Universal health model emerges

At a federal and state level, policymakers are beginning to agree on some bare bones requirements for universal healthcare access. Massachusetts' plan is an early trendsetter, though there's plenty of opportunity for other states to make their marks as well.

Existing universal healthcare proposals differ in some important ways:

  • How much financial responsibility uninsured consumers will be required to assume
  • How to determine the amount employers will be forced to spend on health coverage. (Pretty much every model assumes that employers will pick up more health costs than they have in the past, but ideas vary as to how the money will be spent.)
  • Deciding how much states or federal government will absorb. Virtually all proposals would allow the uninsured public to buy in to public health plans like Medicare and Medicaid (an approach favored by Pennsylvania Governor Ed Rendell), or the health insurance programs offered to federal employees.

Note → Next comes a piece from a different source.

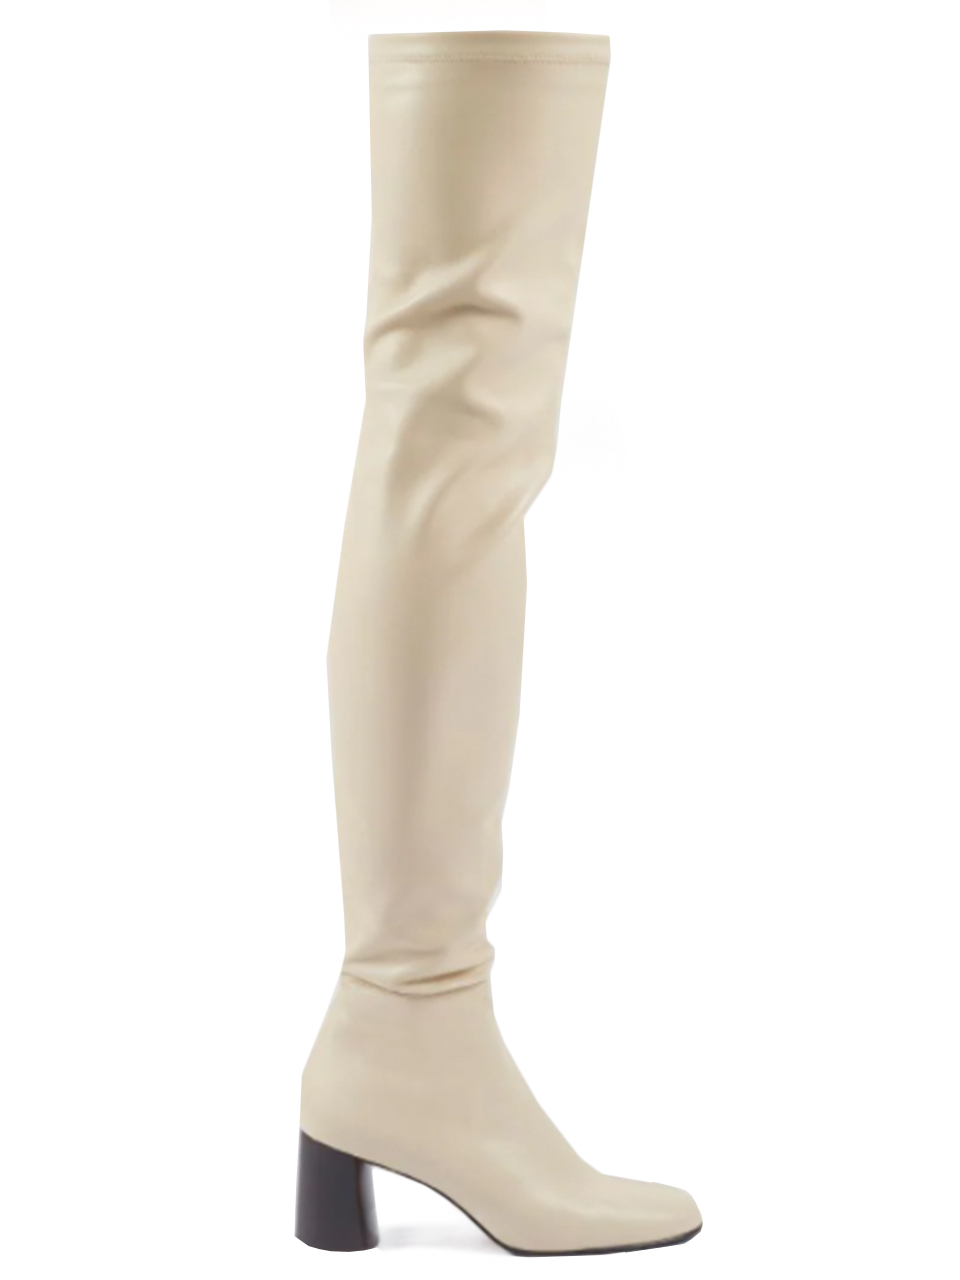 3.1 PHILLIP LIM Nadia Soft Over The Knee Boot in Bone Side View 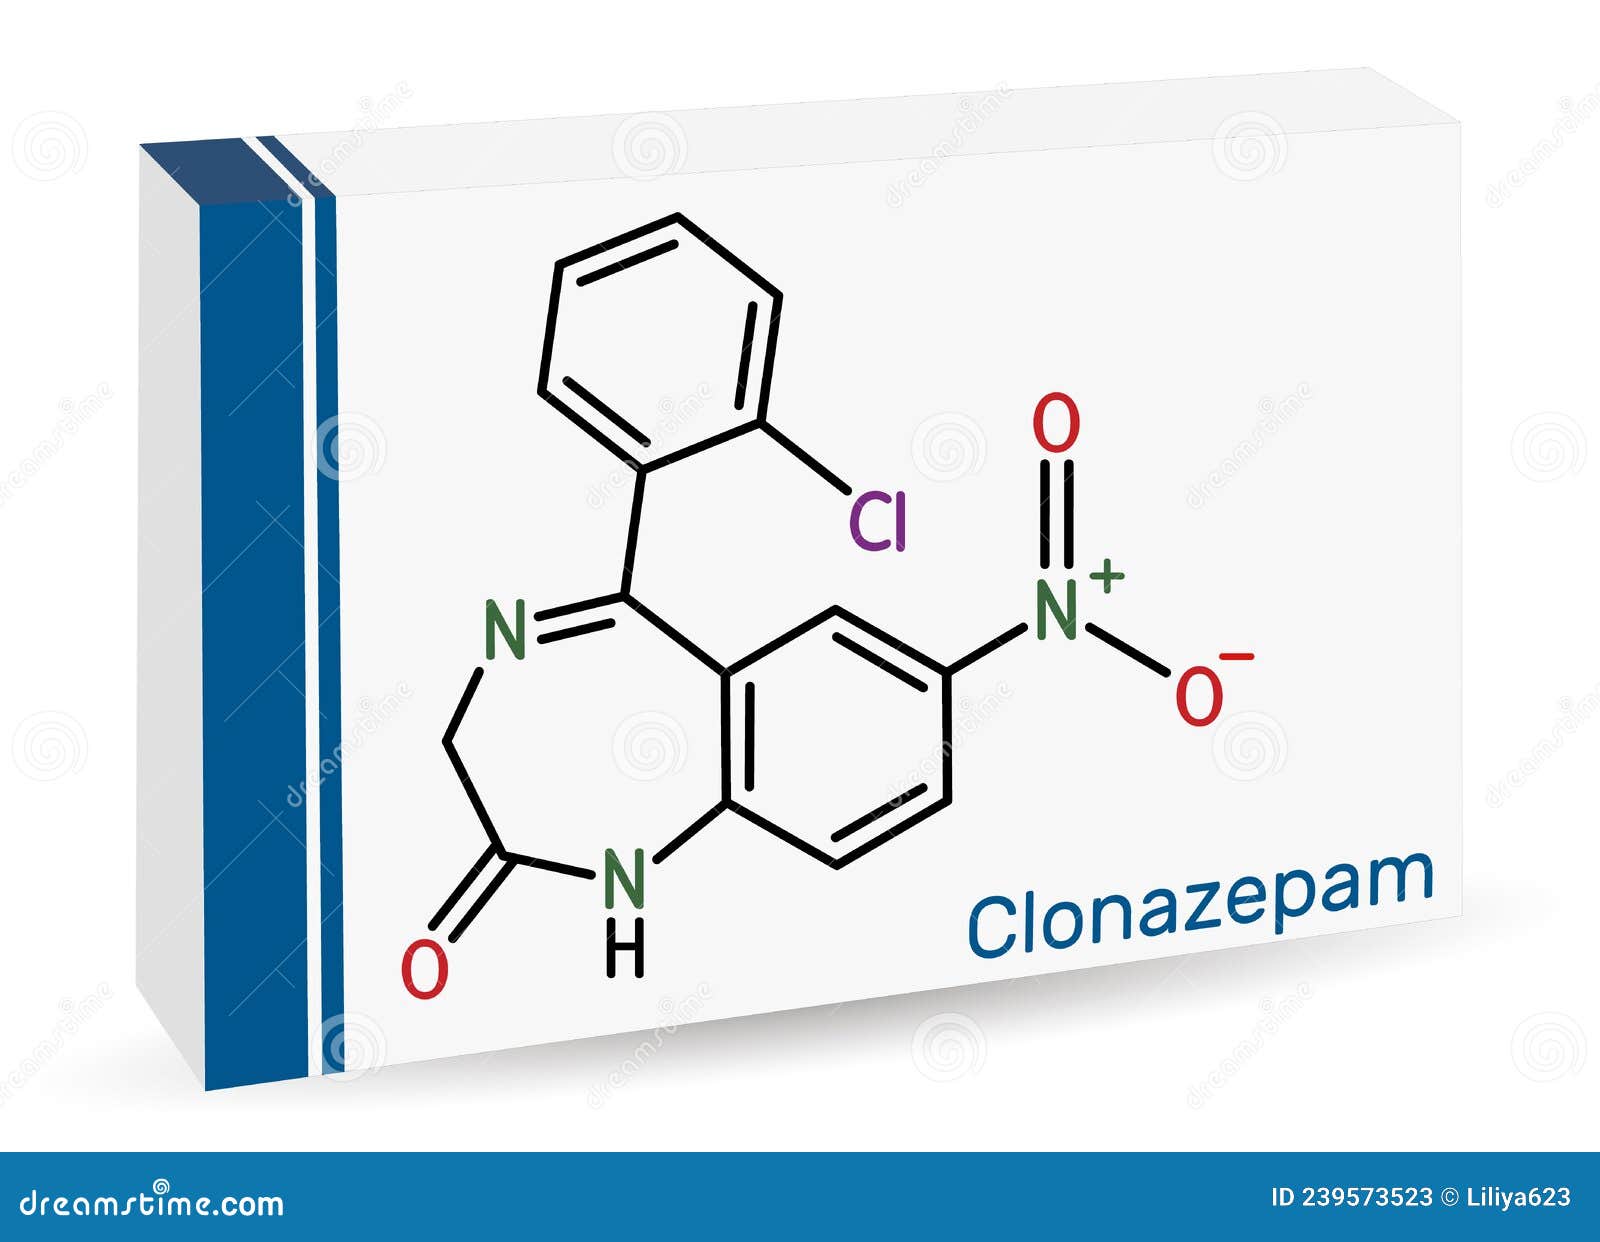 clonazepam molecule. it is benzodiazepine, anticonvulsant, used to treat panic disorders, severe anxiety, seizures. skeletal

Still, the increasingly popular consensus model for universal healthcare seeming to include some element of employer buy-in, consumer buy-in (sometimes subsidized) and governments extending the health programs already in place.

Regardless, despite some important policy differences, I believe that the consensus blueprint for universal health access will emerge this year. It could take several more years before legislators agree on the finer details--and actually produce a bill that state governors will pass--but this year should see a lot of progress in this direction.